After this rally, the valuation differential between the two segments has narrowed significantly and the absolute valuations of mid- and small-cap segments have also risen. The markets have already witnessed mid- and small-cap segments underperforming relatively against the large-cap segment by 10-15 per cent in the past six months or so. “From hereon, we believe one needs to be stock-specific even in mid- and small-cap segments as in the broader market,” Mr. Upadhyaya added.
In terms of sectors, consumer durables, pharmaceuticals, industrials, energy and financials are likely to do well, Mirae Asset Global Investment Group stated in a report on Market Outlook 2011. The FII stated that it continued to prefer consumption where trends remain healthy, led by rising incomes, favourable demographics and an easier financing environment.
It sees a shift beyond consumer staples to automobile, media, cable distribution, retailing, healthcare and airlines — all beneficiaries of higher income levels. Increasing rural consumption on the back of higher crop realisations, rising wages and wealth effects through higher land and gold prices, will provide a multi-year theme.
The introduction of a Direct Tax Code will provide further relief to the salaried class and boost consumption. It also prefers pharmaceuticals over consumer staples as the market for Western medicines still has low penetration rates, the domestic industry is estimated to be expanding in the high double-digits per annum, and a huge patent expiry of drugs in the developed markets remains an added demand trigger.
“We continue to like financials high RoEs (return on equity), low NPAs (non-performing assets) as a good proxy on the strong domestic economy, and IT as a beneficiary of strong offshoring trends by global companies to cut costs.” Industrials could be the dark horse of 2011 if the government gets its act together on infrastructure spending and the private sector embarks on capacity expansion after 18 months of strong demand.

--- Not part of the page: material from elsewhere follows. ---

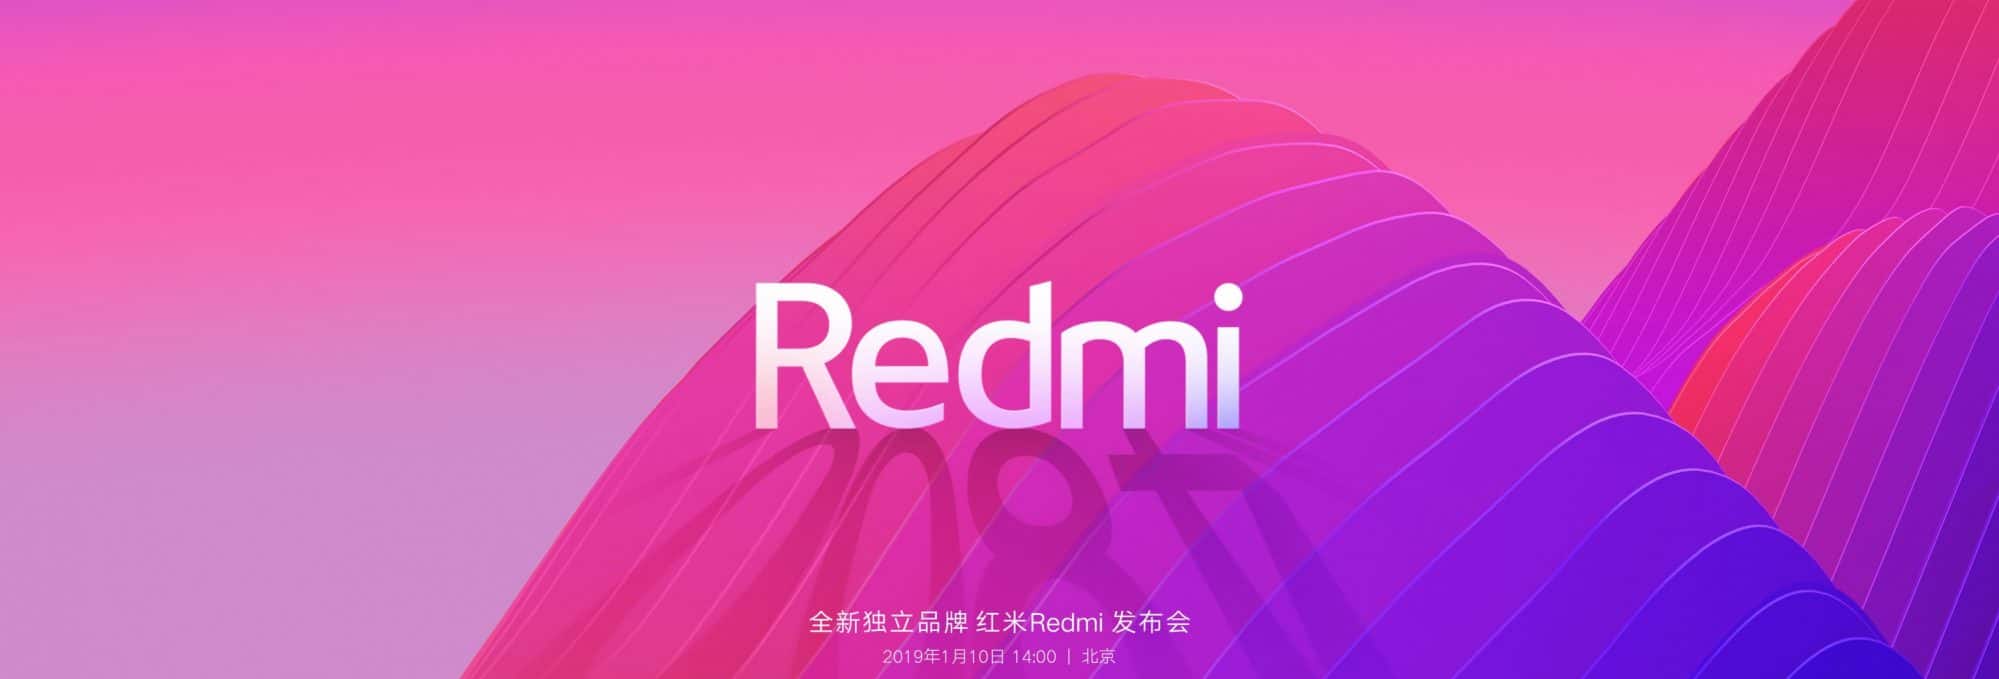 รีวิว Redmi Note 7 สมาร์ทโฟนสุดคุ้มค่า เริ่มต้นในราคาที่พอเพียง 5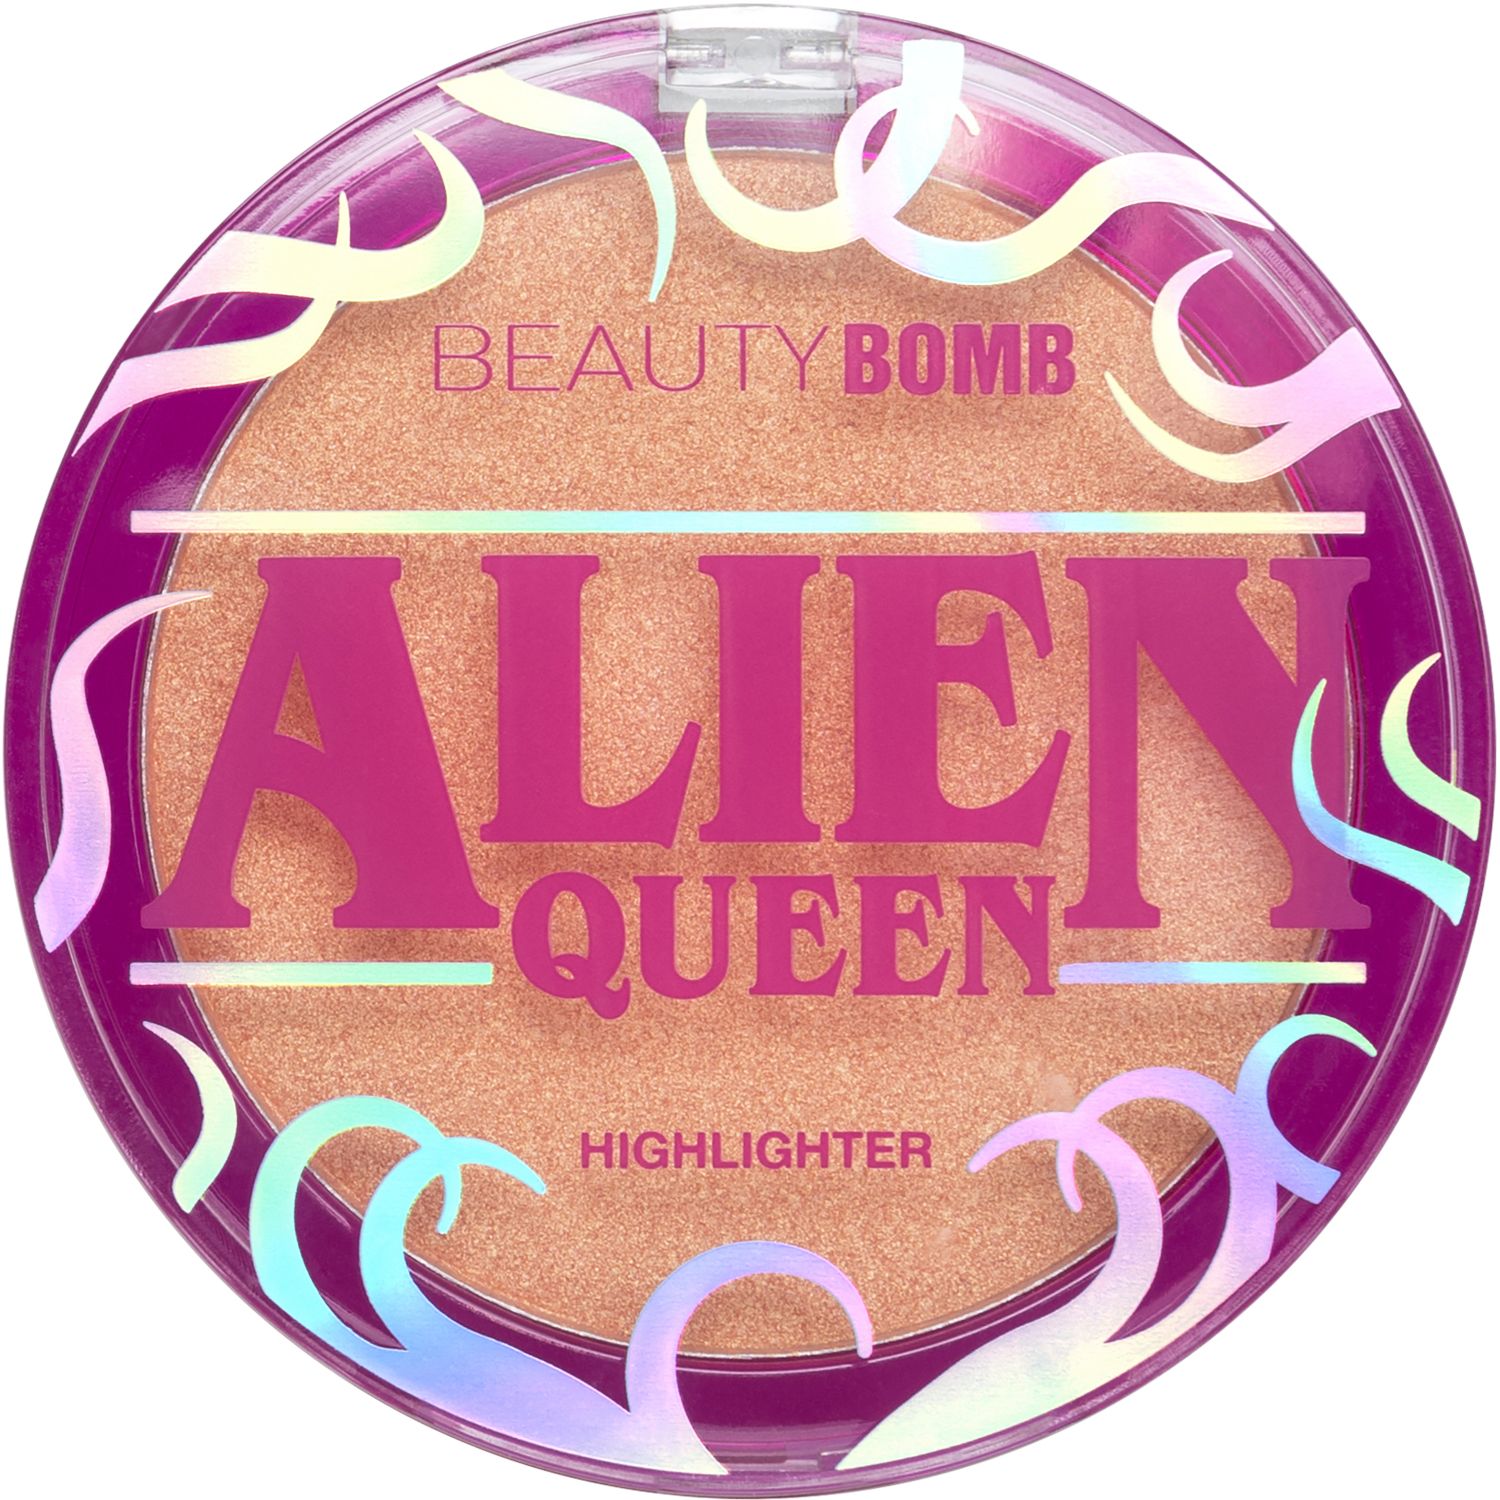 Хайлайтер Beauty Bomb Alien Queen  с золотистым сиянием, персиковый, №01, 6 г поводок для собак хвостатыч с золотистым карабином разно ный нейлон 7 м х 20 мм

“Though in the near-term, it may remain weak on European sovereign debt concerns, we believe any significant correction would be a good opportunity to increase exposure to a long-term growth story like India where demographics, entrepreneurship, free press and development-focussed governance will likely produce a golden period of returns for equity investors in the coming decades,” Mirae Asset Global Investment Group advised investors. However, it alerted that a significant rise in oil prices, a reversal of global liquidity and no up-tick in the investment cycle were the biggest risks to the India story.
Key factors
The key factors behind strong performance in 2010 were strong resilience of the domestic economy during the global financial meltdown, India's demographic dividend, strong consumer demand, less reliance on exports, benign oil prices and strong global liquidity.
Mirae Asset Global Investment Group expects Indian markets to remain strong in 2011 on robust corporate earnings, improving ROE and expectations of strong global liquidity.
A significant upturn in the investment cycle would be the key driver for continuous strong performance.